1. When a statutory provision imposing a mandatory obligation has specifically enumerated exceptions, a court does not have discretion to create additional exceptions.

2. Official records that have been sealed pursuant to R.C. 2953.52 cannot be made accessible for purposes other than those provided in R.C. 2953.53(D).

Concluding Observations

The students and I all called this as a no-brainer loss for the state. Here’s what I wrote after argument:

“I think this decision is going to be short and simple—there simply is no statutory basis to unseal a record of acquittal, none of the limited exceptions in the statute fit, and the court is not likely to find any inherent authority to do so here. ” And that pretty well sums up the decision.

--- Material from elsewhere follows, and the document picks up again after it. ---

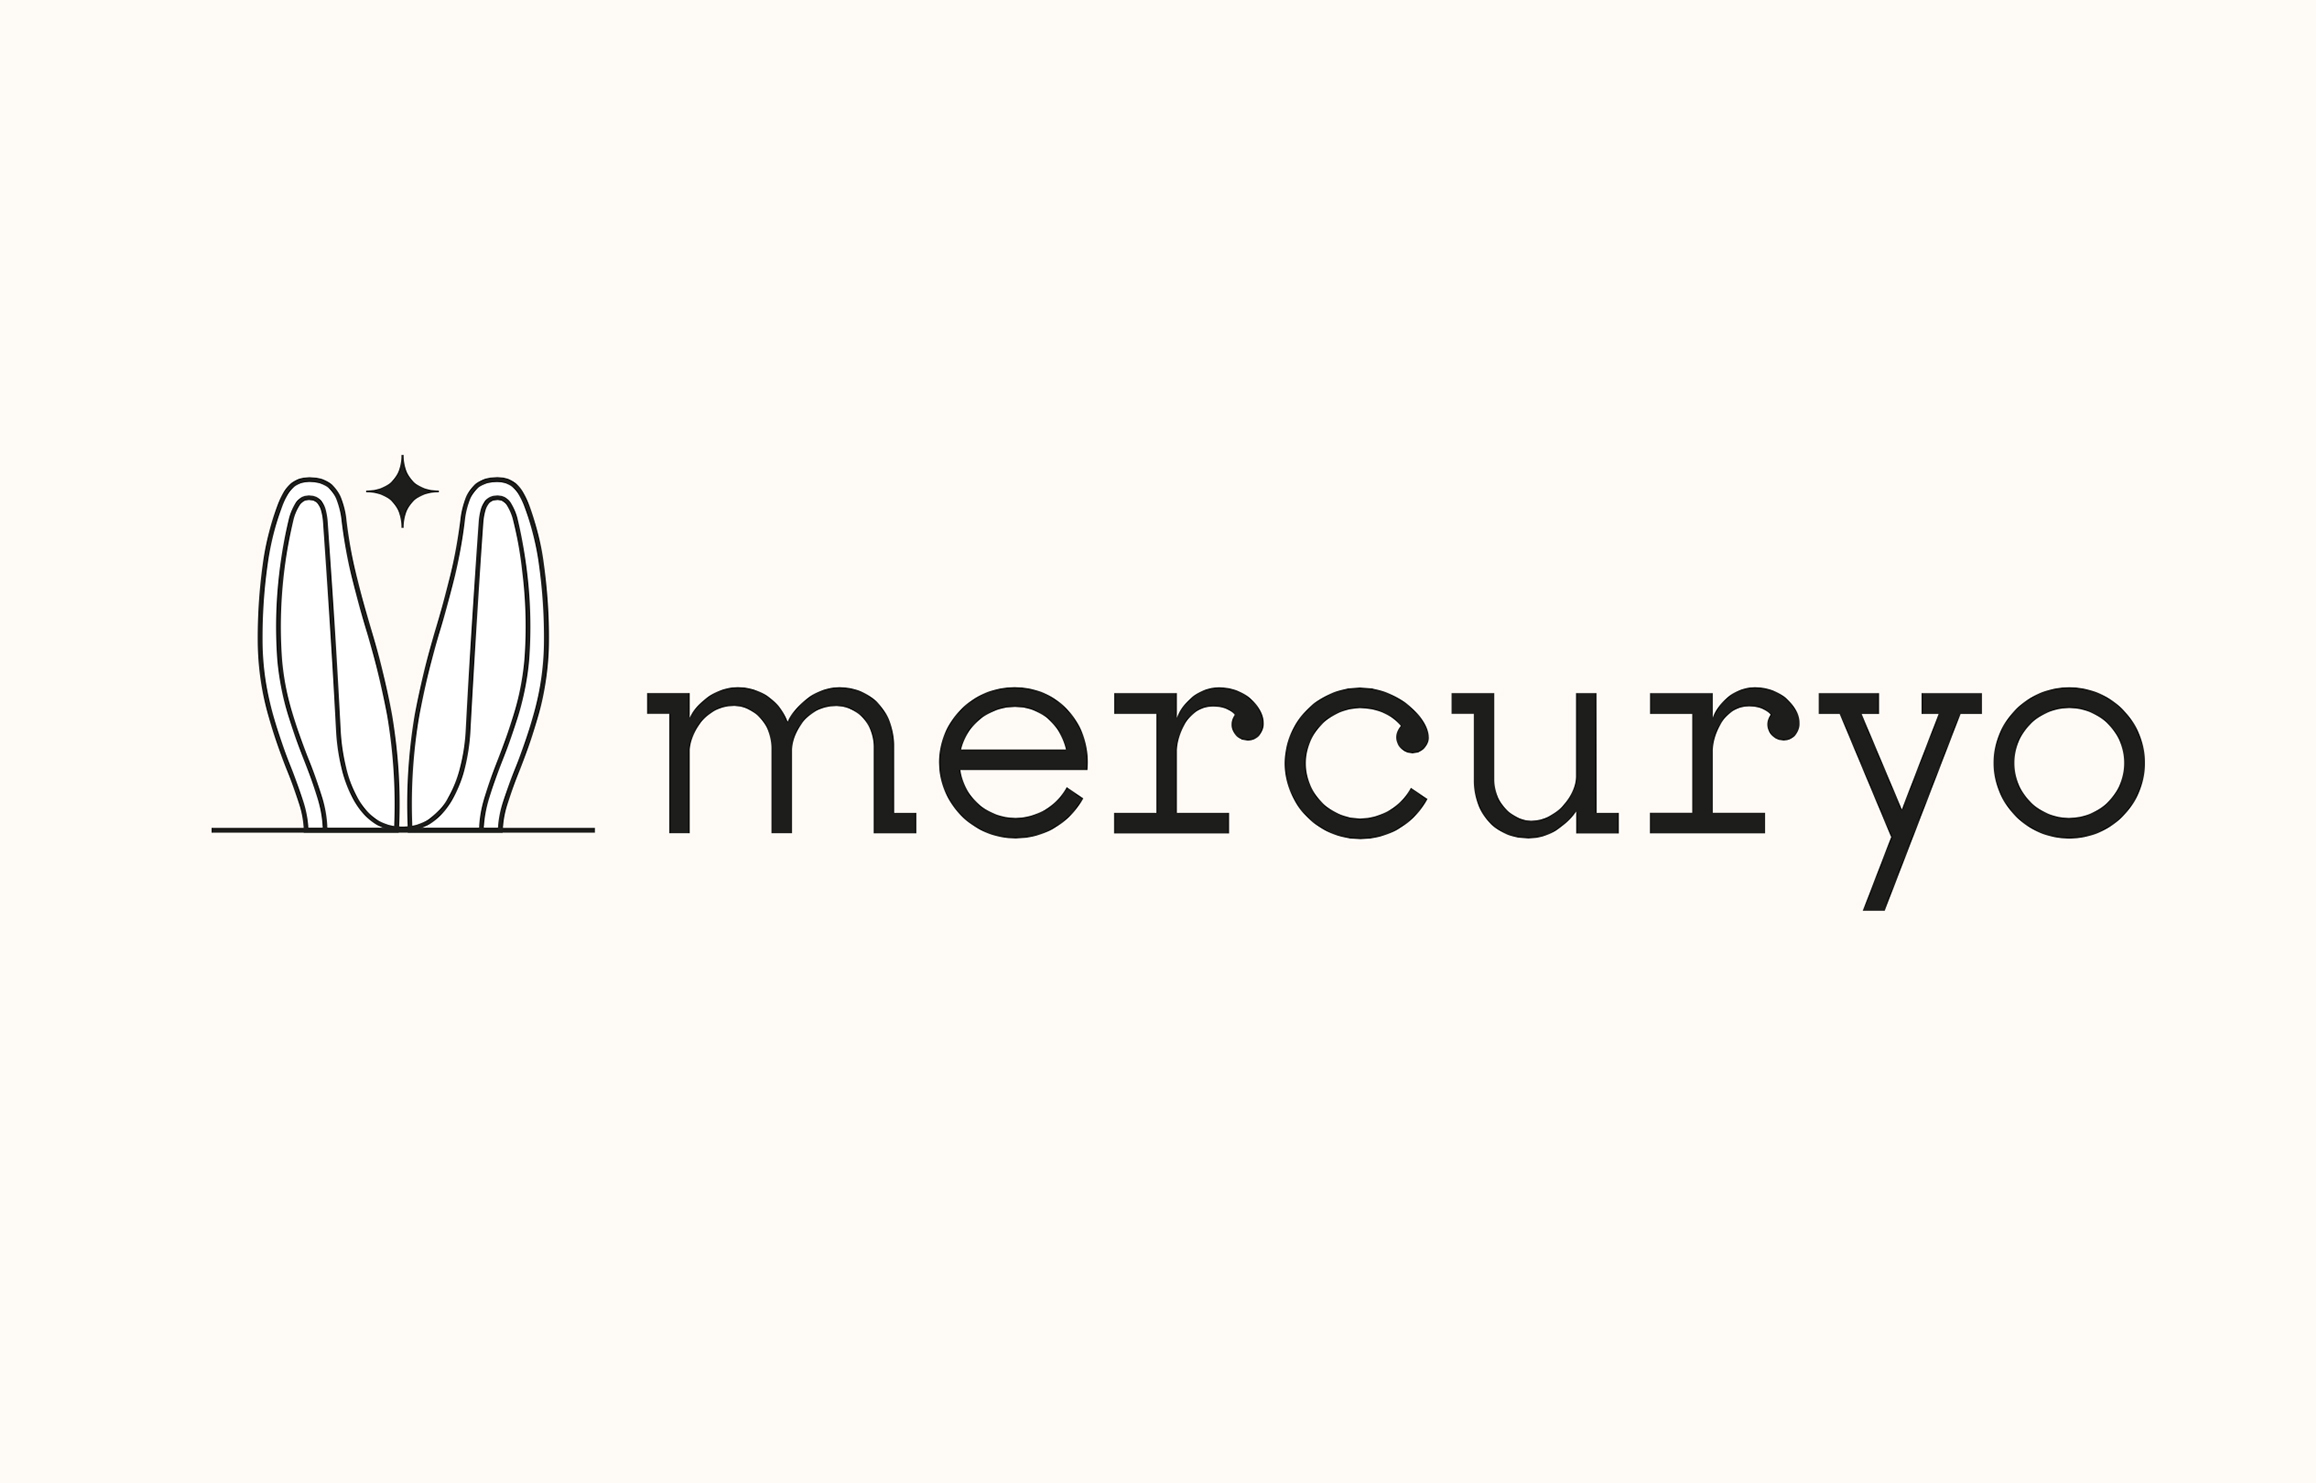 Mercuryo, PayMyTuition use open banking to streamline A2A payments ...

Vanzandt is one in a series of cases the court has decided involving the interplay among the branches of government over judicial record sealing.  Last year, in State v. Boykin, 2013-Ohio-4582, the court held that a gubernatorial pardon does not automatically entitle the recipient to have the record of the pardoned conviction sealed.  Read the blog’s analysis of Boykin here.

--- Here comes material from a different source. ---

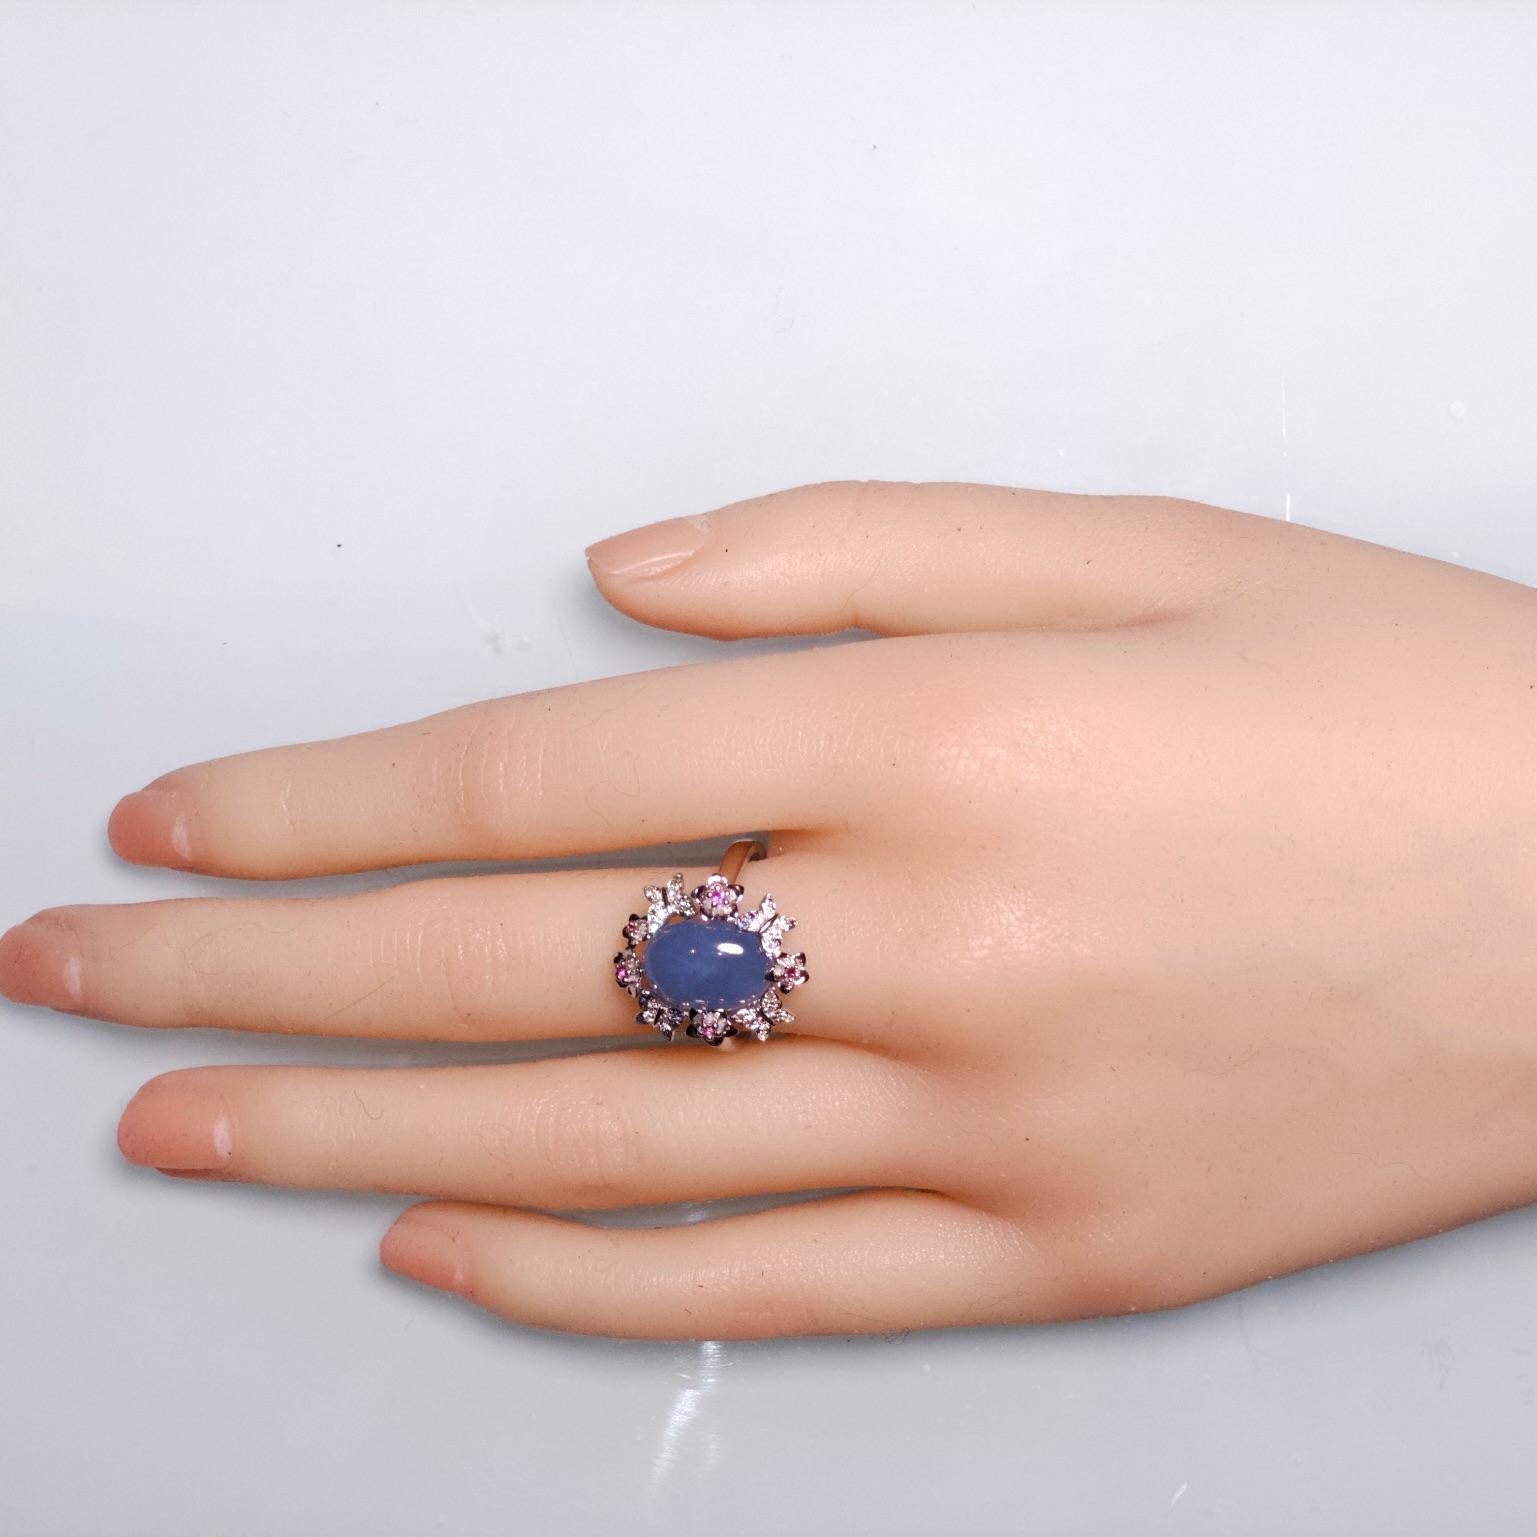 Cabochon Type A Natural Purplish Blue Jadeite Jade and Diamond Ring in 18k White Gold

The same day Vanzandt was released, the court also decided State v. Radcliff2015-Ohio-235Radcliff, a follow-up to Boykin, was a 4-3 decision, in which the court held that a trial court does not have inherent authority to seal the record of a pardoned conviction where the petitioner has other offenses on his record.  The majority in Radcliff held that pardoned offenses are not included in the judicial sealing statutes, and therefore there is no room for judicial discretion over these, while the dissenters would find that Pepper Pike lives, and gives the trial court the discretion to expunge the record of a pardoned conviction.

For more background on sealing criminal records, read this guest post.

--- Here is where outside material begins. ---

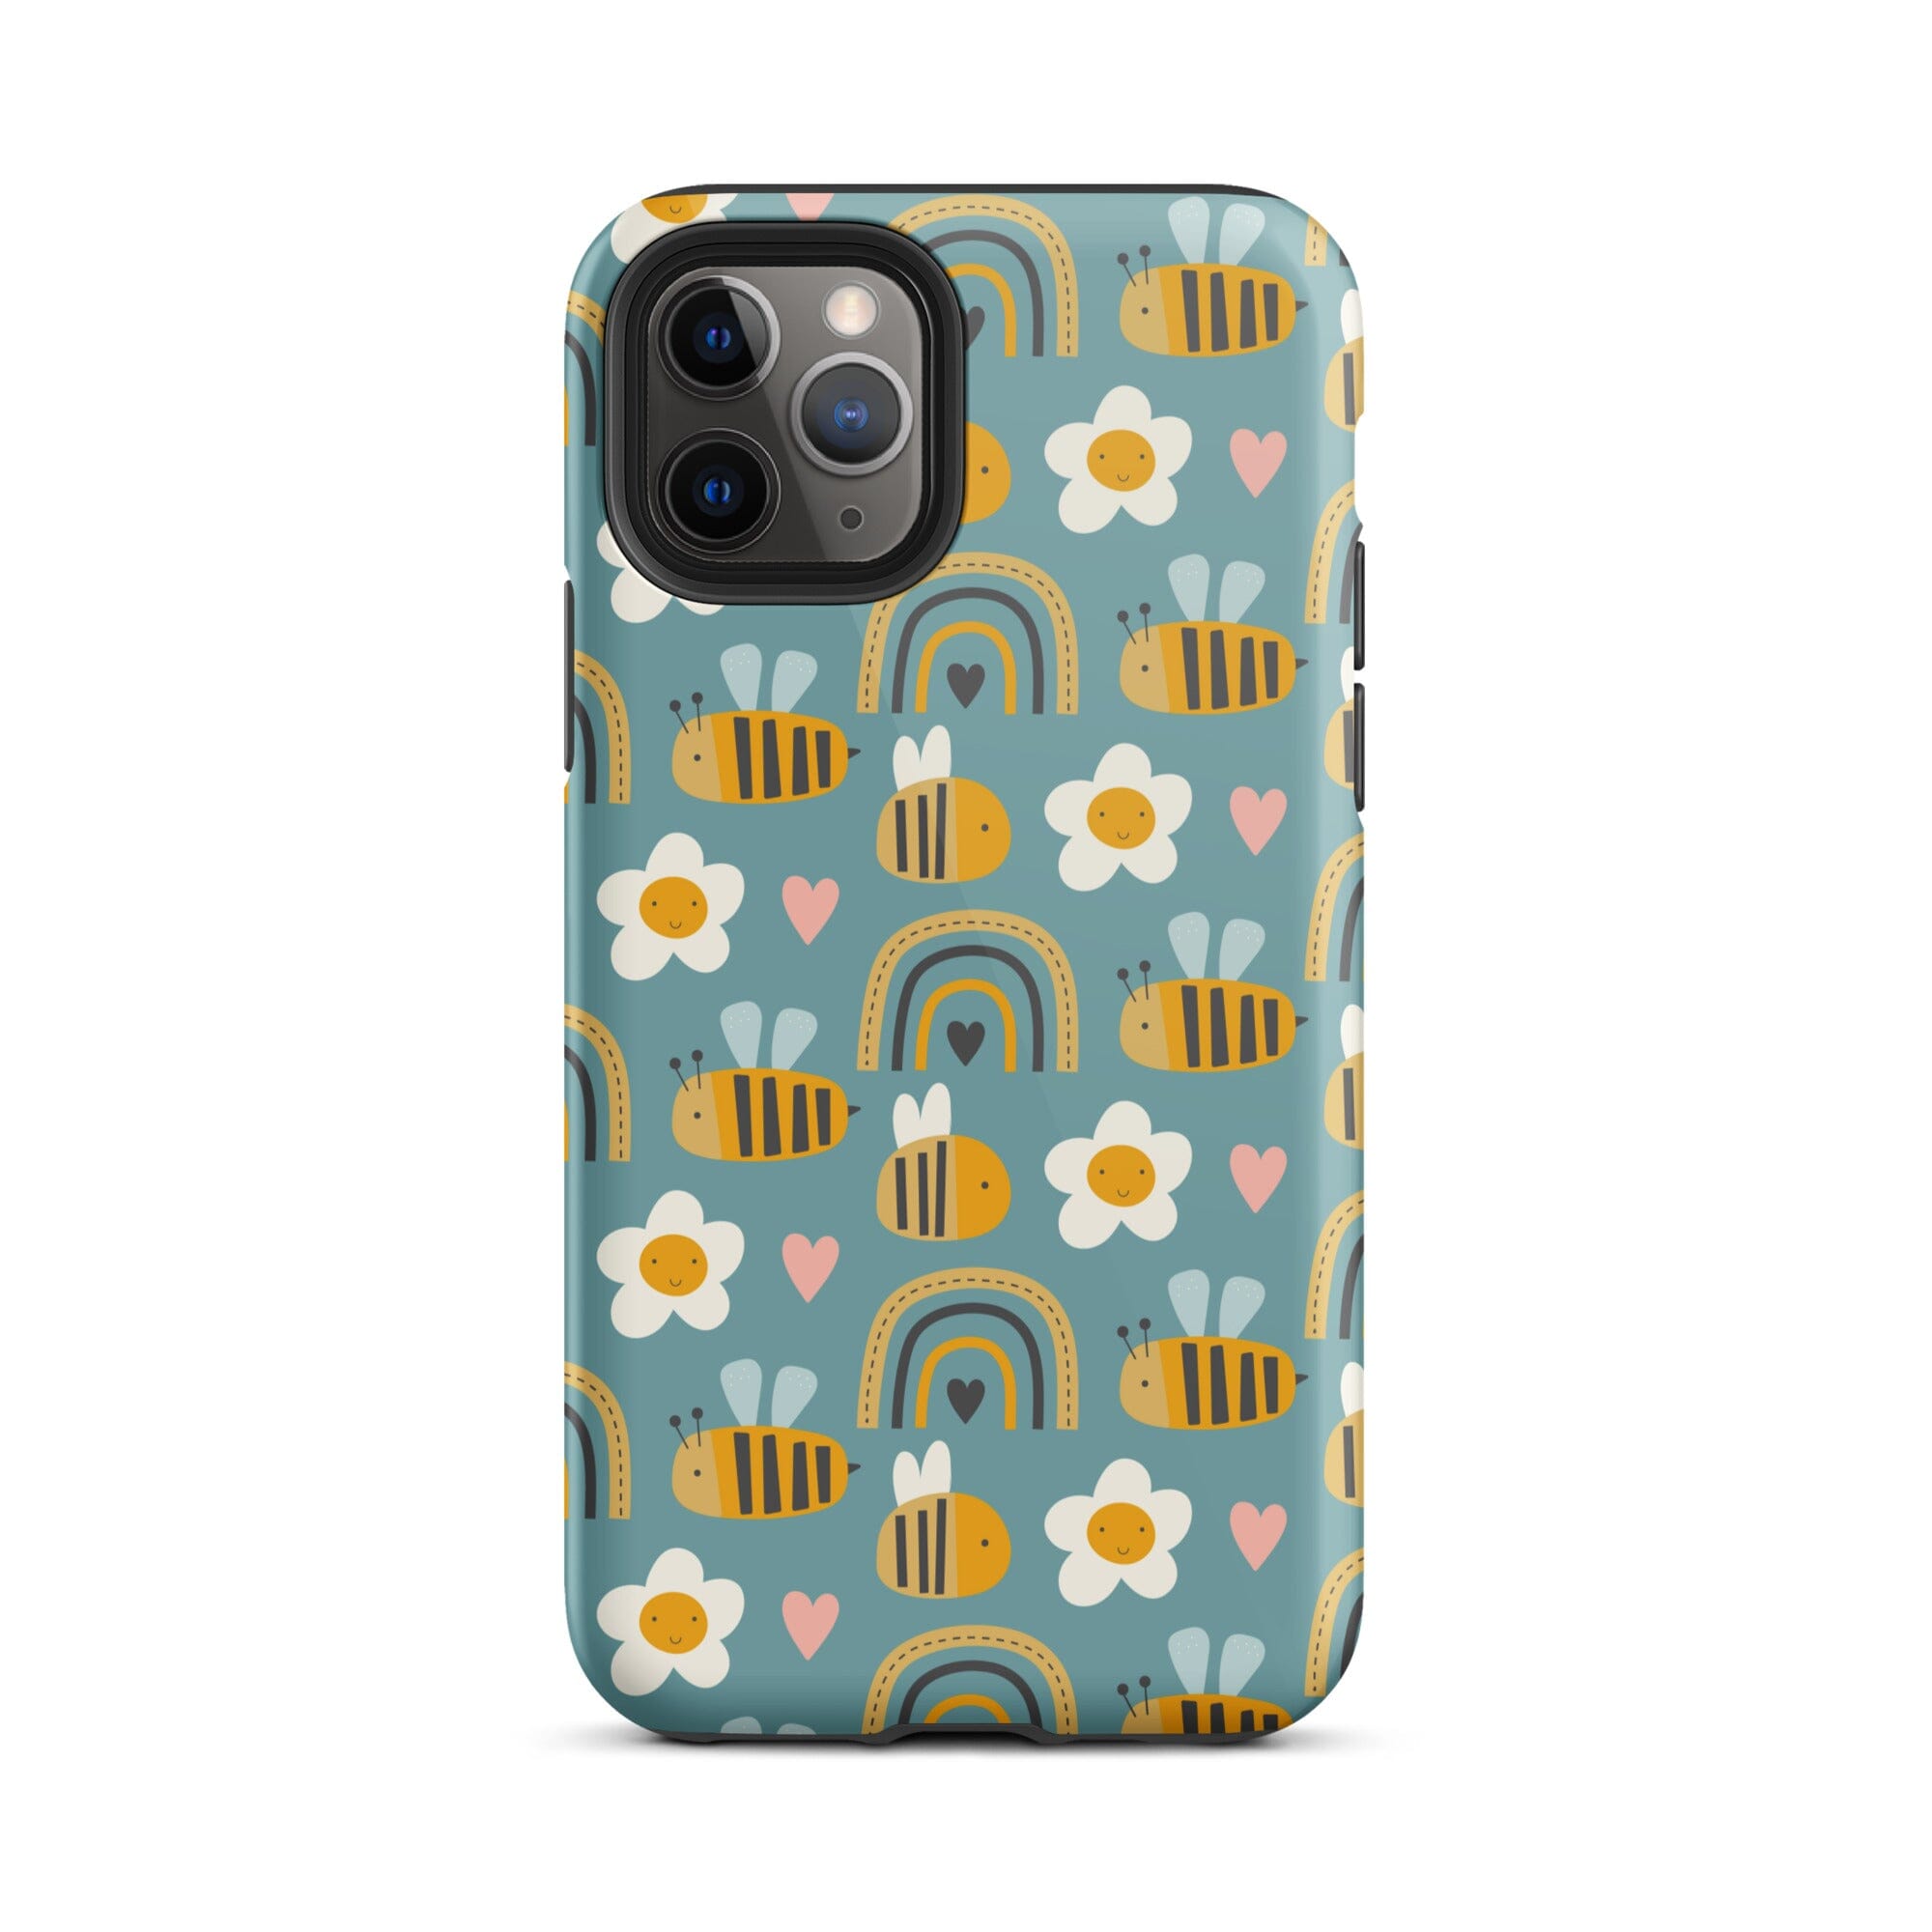 Bumblebee iPhone Case - KBB Exclusive Knitted Belle Boutique iPhone 11

What really isn’t clear to me is exactly when Pepper Pike is still applicable. The majority decisions in Radcliff and Vanzandt  make it sound like  almost never.  Pepper Pike has not only never been overruled, its holding has been incorporated into R.C. 2953.52 (B)(2)(d). In 2013, in Schussheim v. Schussheim, a different 4-3 majority, (Justice O’Donnell wrote the opinion for himself,  Justices Pfeifer and O’Neill and an appellate judge sitting for Justice Kennedy) used Pepper Pike’s “unusual and exceptional circumstance” test to expand judicial authority to the sealing of dissolved civil protection orders in adult proceedings.   In Schussheim, which was a civil case, (a fact significant to the dissenters but not to the majority) Chief Justice O’Connor and Justice French expressed their disagreement with the application of Pepper Pike as a tool for the expansion of judicial power in the realm of sealing records, and O’Connor expressly wrote that she could “not condone the majority’s judicial activism” in that case. Justice French wrote, “[W]e have missed the opportunity to recognize Pepper Pike for what it was—a narrow, short-lived, judge-made “fix” to Ohio’s nascent criminal expungement statutes.” Justice Lanzinger joined the dissenters in Schussheim.

Maybe there is a legislator out there who would like to add gubernatorial pardons to the list of statutorily sealable offenses.  That seems like a solution that would satisfy all the justices.